What is expected: The expected output is an exact copy of the lines from the one containing "Unique Kids Bathroom" to the final line below, minus any pictures.
------ Source data ------
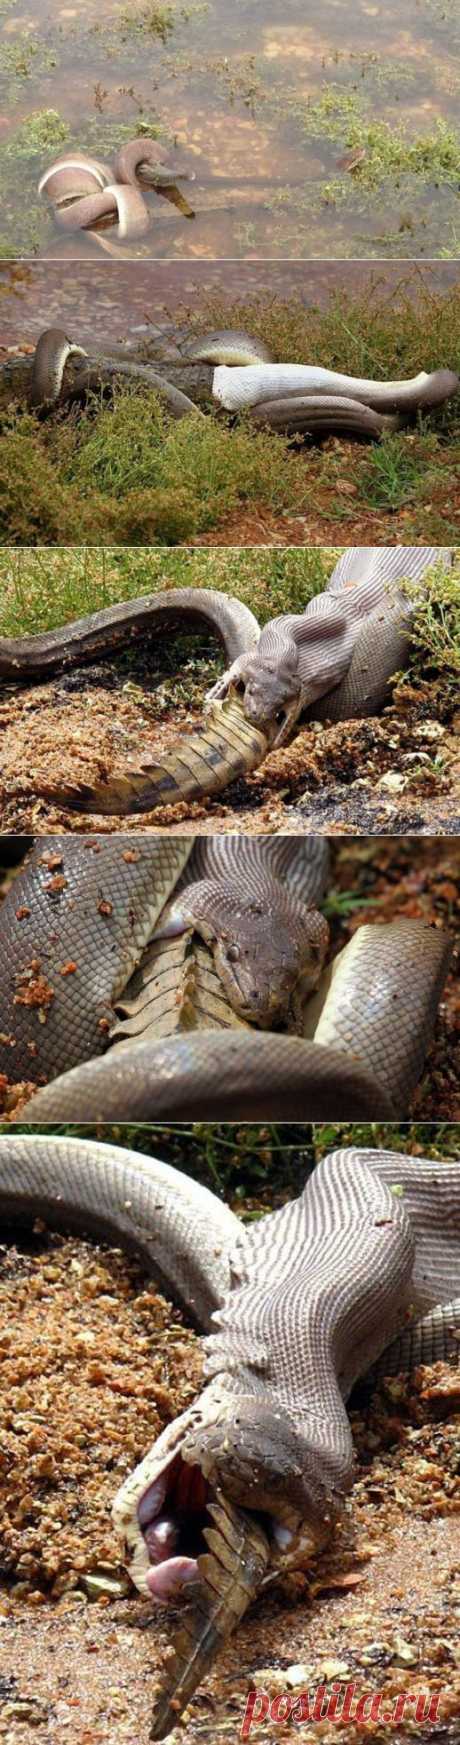 Змея пообедала крокодилом
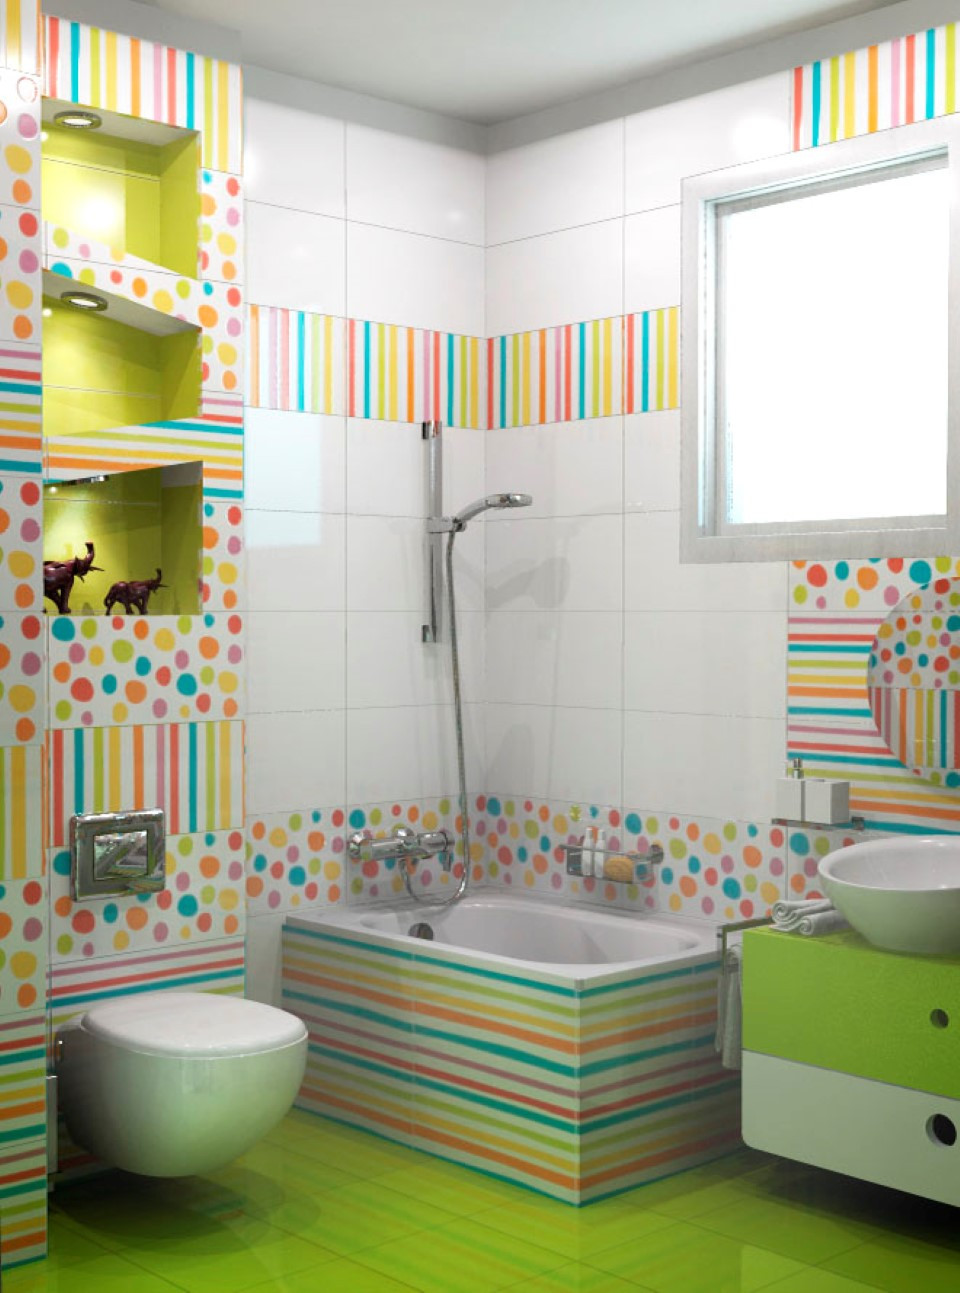 Bathroom Sets For Kids
 Unique Kids Bathroom Decor Ideas Amaza Design
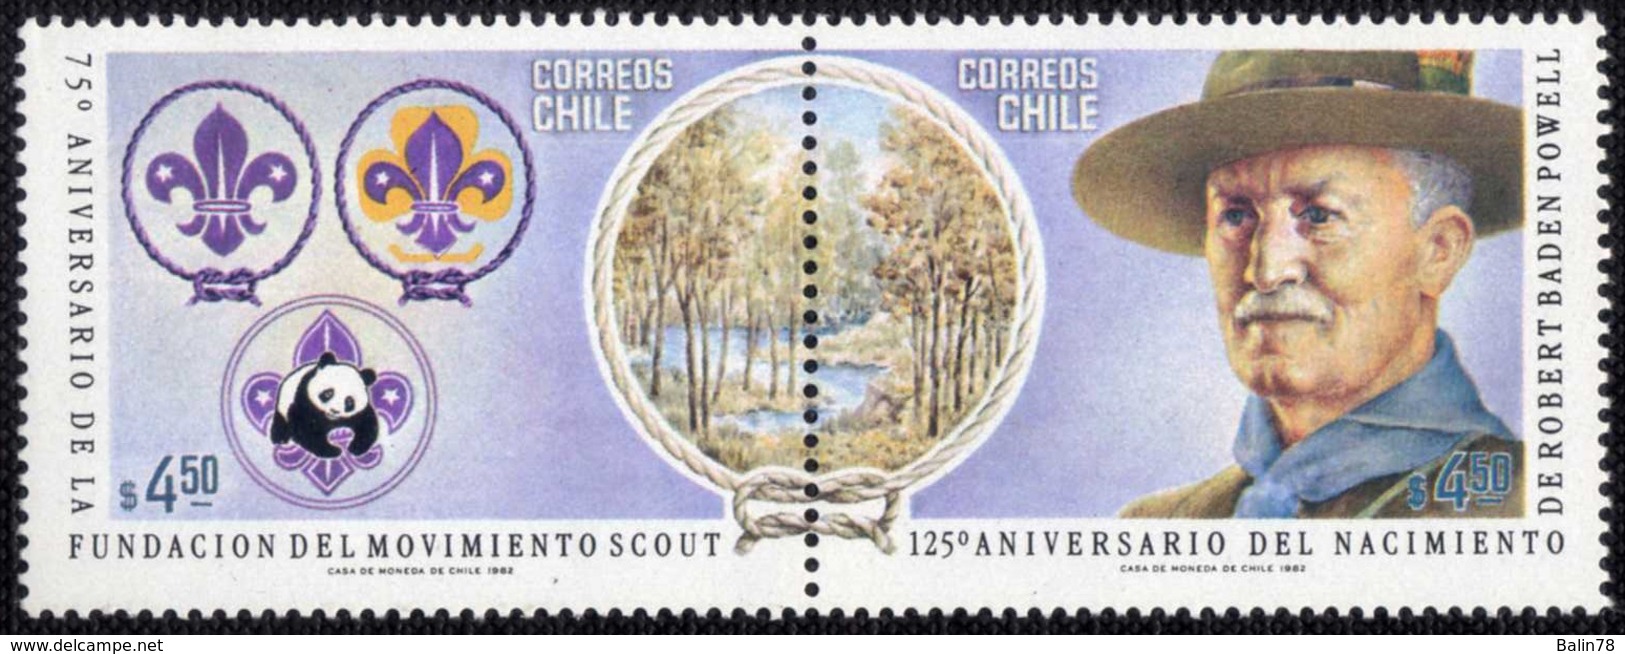 1982 - Chile - Sc. 623 - MNH - Chile
------
Expected answer:
 Unique Kids Bathroom Decor Ideas Amaza Design
 1982 - Chile - Sc. 623 - MNH - Chile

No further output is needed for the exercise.